Panolian Editorial

Published 12:00 am Tuesday, September 29, 2009

Sheriff Bright

Panola benefited from late sheriff’s skills in management

Sheriff Hugh Wayne “Shot” Bright kept his campaign promises, putting more deputies and patrol cars on Panola County’s roads, cleaning up litter and stopping most of the illegal dumping along Panola’s roadsides. Along the way he also had to deal with a fractured sheriff’s department, jail expansion, and keeping an inmate workforce busy doing everything from construction, building and grounds maintenance to collecting garbage for the county’s sanitation department, saving the county and its municipalities hundreds of thousands of dollars in labor charges along the way.

Selling the jail’s recent expansion was made easier by the pristine condition in which the facility was maintained from its original use when Bright was head jailer through his tenure as sheriff. The architect noted in 2006 that the jail was in as good condition as it was when it was built 10 years earlier.

Among the many challenges Sheriff Bright faced when he took office in 2005 was repairing the schisms that had developed in the sheriff’s department during a long campaign to fill the unexpired term of the late David Bryan. The jockeying among deputies that had been going on behind the scenes months before Bryan died turned into a horse race among former deputies with the special election that came later that year. Those deputies not candidates themselves were aligned with those who were and most were against Bright, who surfaced early as the front runner.

Sign up for our daily email newsletter

Get the latest news sent to your inbox

One of Bright’s first actions upon taking office was meeting with sheriff’s department personnel and telling them that he needed them and that they were welcome to keep their jobs. He later even reached out individually to the one deputy who had walked out of that meeting, convincing the deputy to come back.

Within days, deputies who had expressed their reservations about Bright during the campaign were singing his praises.

Bright’s skills at behind-the-scenes solutions to problems also surfaced when Como’s budget problems arose there in 2007, threatening the municipality’s solvency. Among solutions considered was dissolving the police department entirely and relying on the sheriff’s department for law enforcement in the town.
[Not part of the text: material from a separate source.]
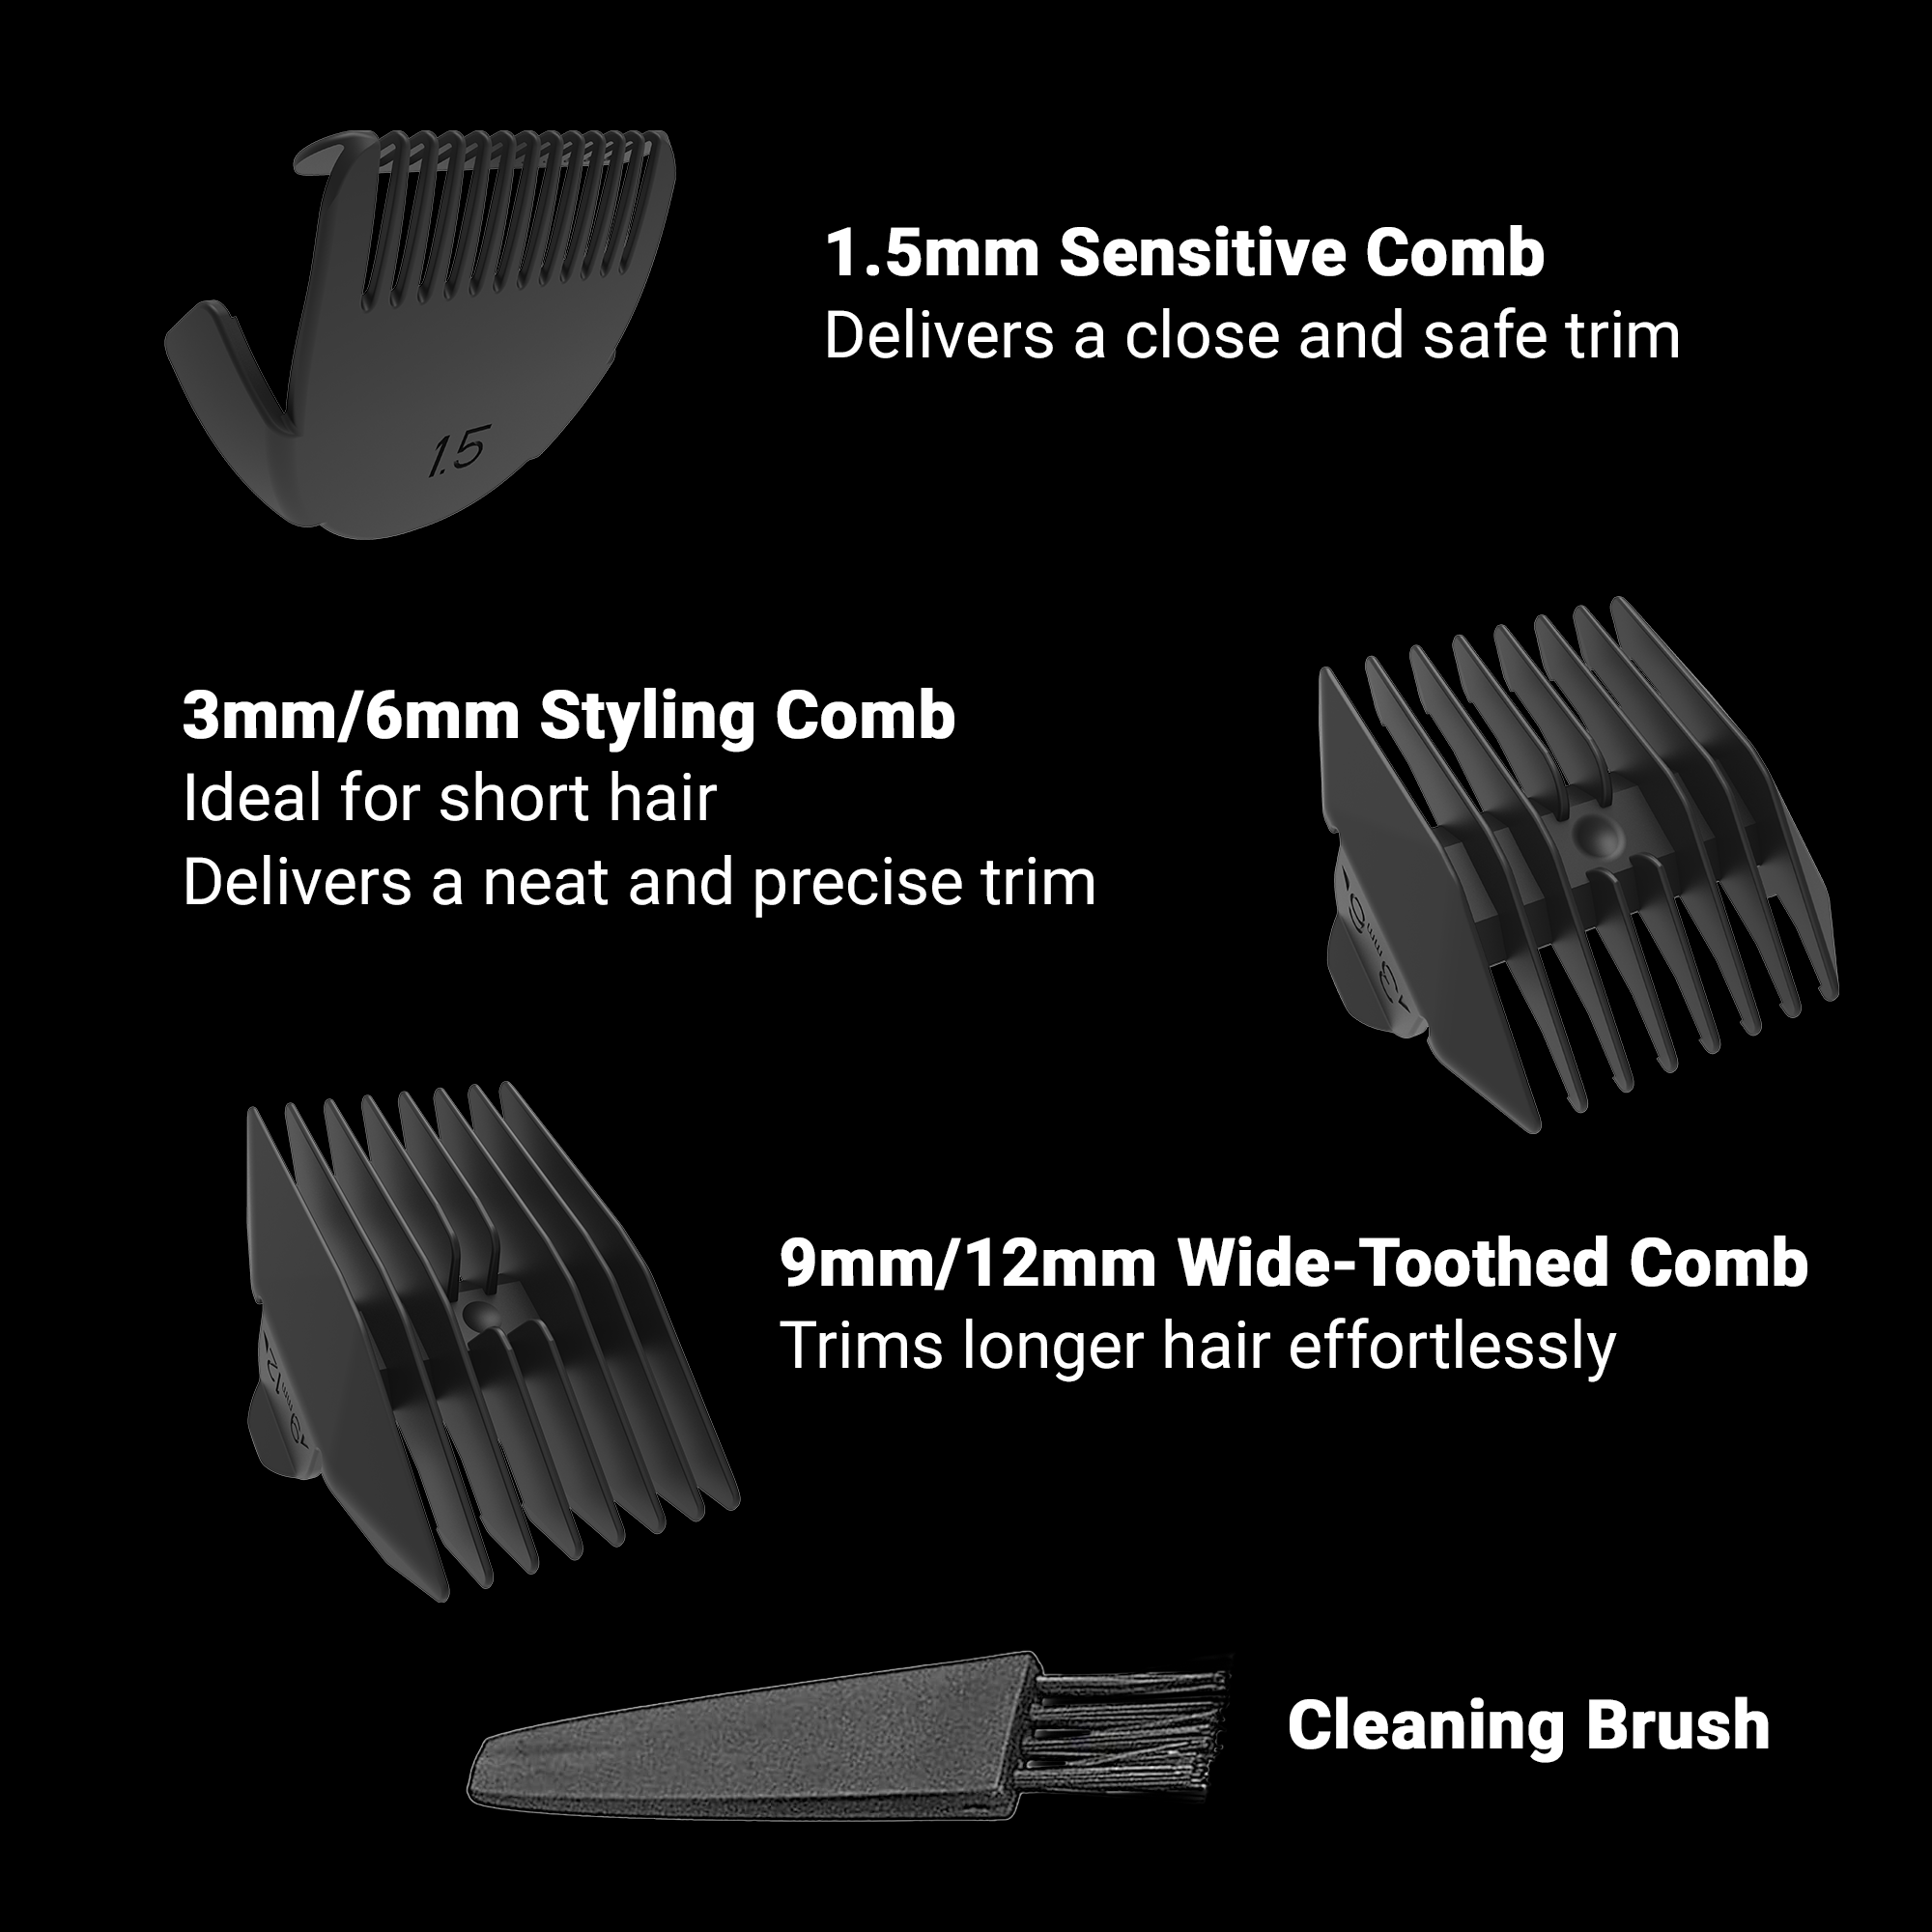 Set of 3 Guide Combs with cleaning brush for Zlade Ballistic ZW2.0 Trimmer (1.5mm, 3mm/6mm, 9mm/12mm)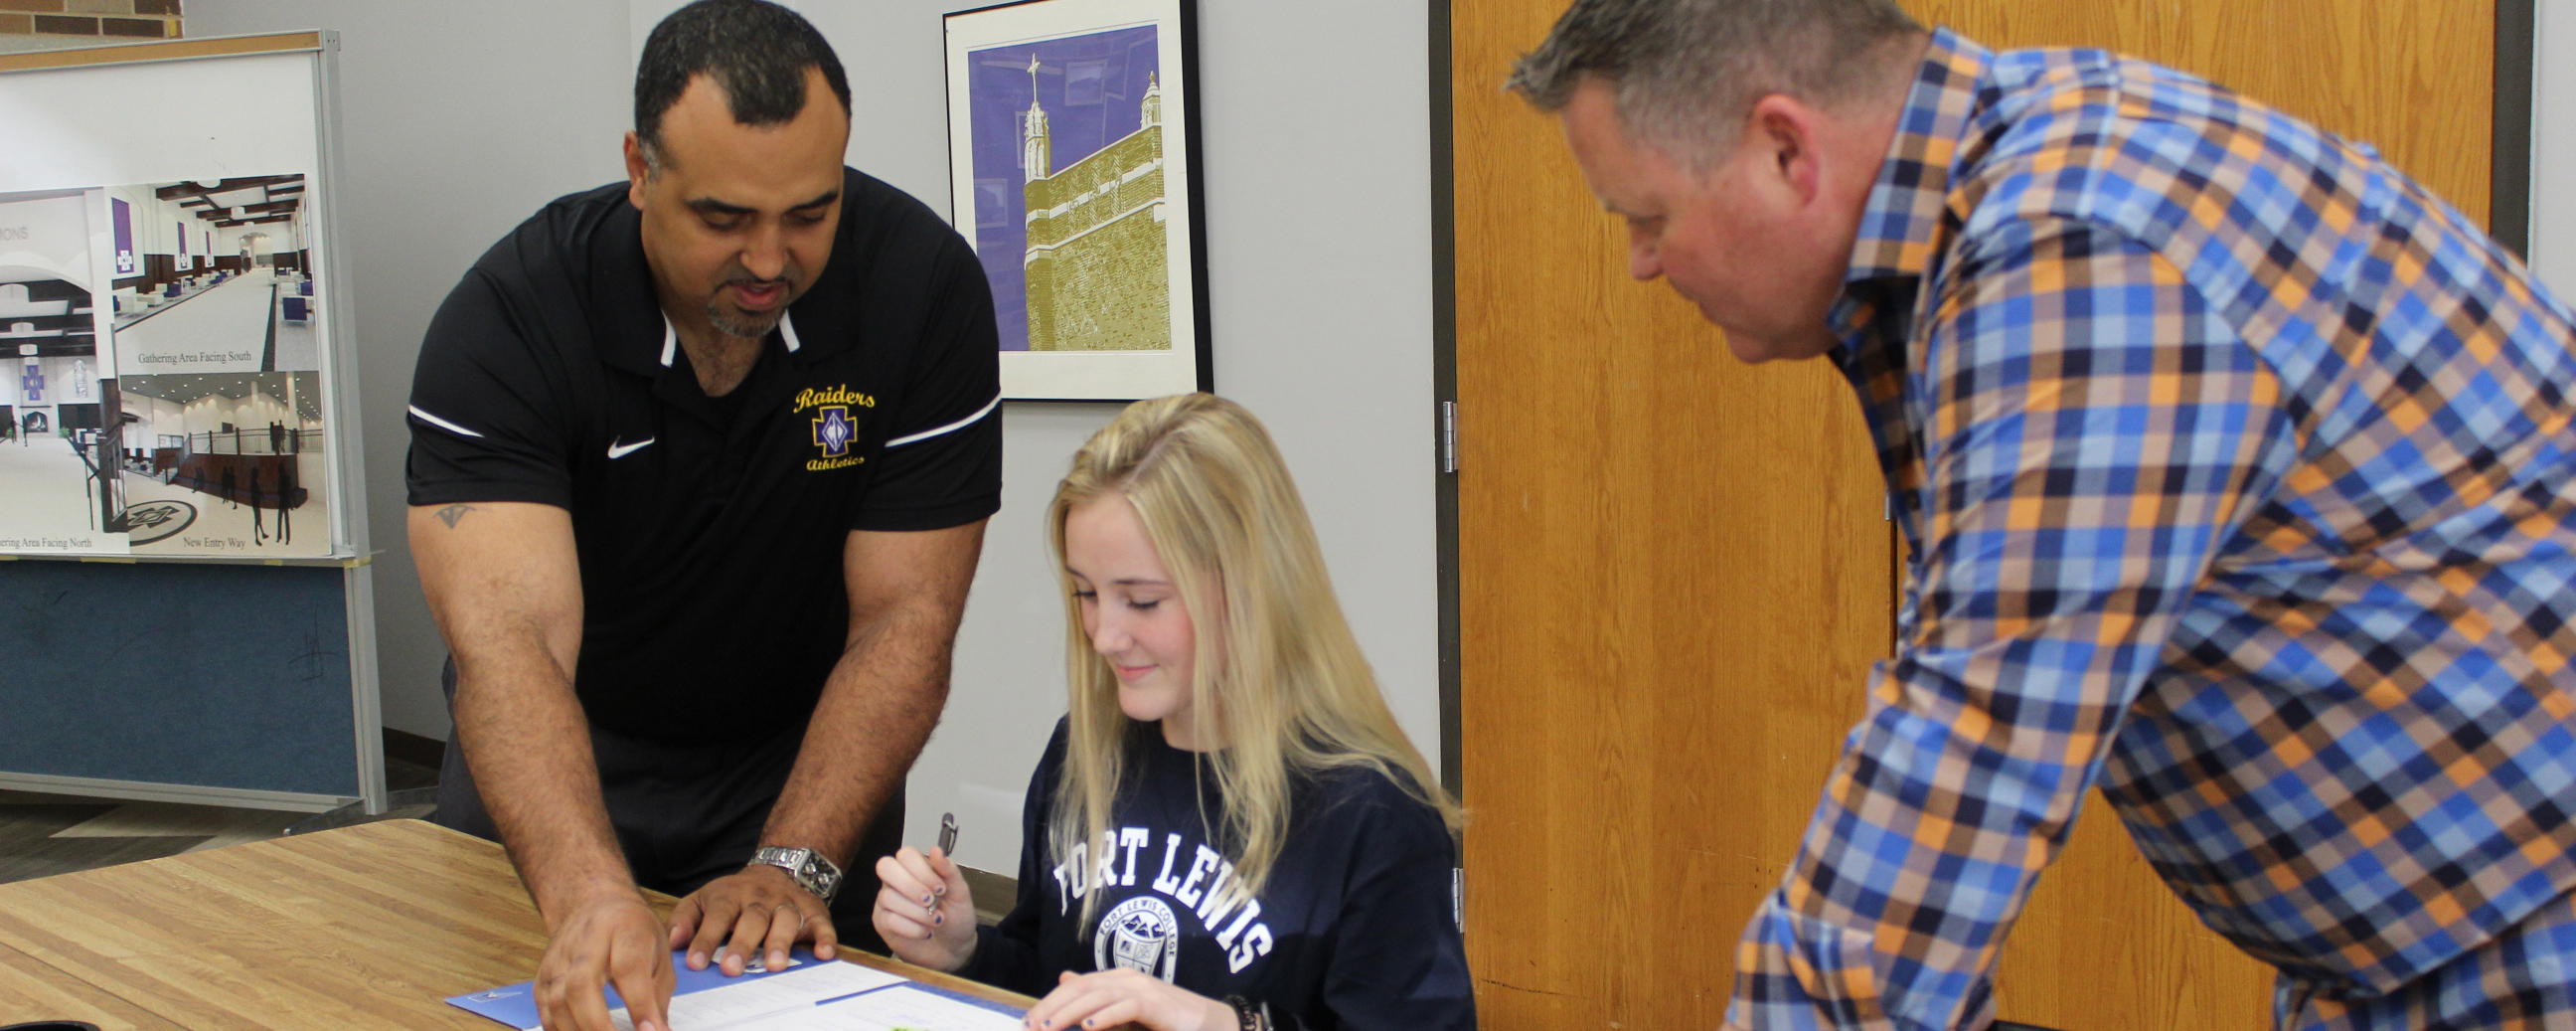 Olivia signs her contract with Athletic Director Phil Archer and her father looking on.

“Don’t do that, you need your police department,” Bright told Como town officials and citizens during meetings that occasionally became fractious with the frustrations when solutions seemed few and distant. Bright’s behind-the-scenes solution was to allow his deputies to also serve as Como policemen, even as police chief.

The deputies were certified law enforcement officers — relieving the town of the burden of paying for certification training. They continue to work part time in Como in addition to their full-time job as deputies in what became a win-win situation.

Following the recent administration change in Crenshaw this summer, Bright allowed his deputies to work part time in that police department which also suffered from high turnover among personnel and lack of proper funding and equipment.

Bright’s administrative skills defied logic as he bypassed formal education while beating his own path to a position of prominence in the county where his friends will tell you he raised himself. His departure shocked not some, but all.

Despite political affiliations and loyalties, Hugh Wayne “Shot” Bright’s absence will have a significant effect on Panola County, just as his presence did.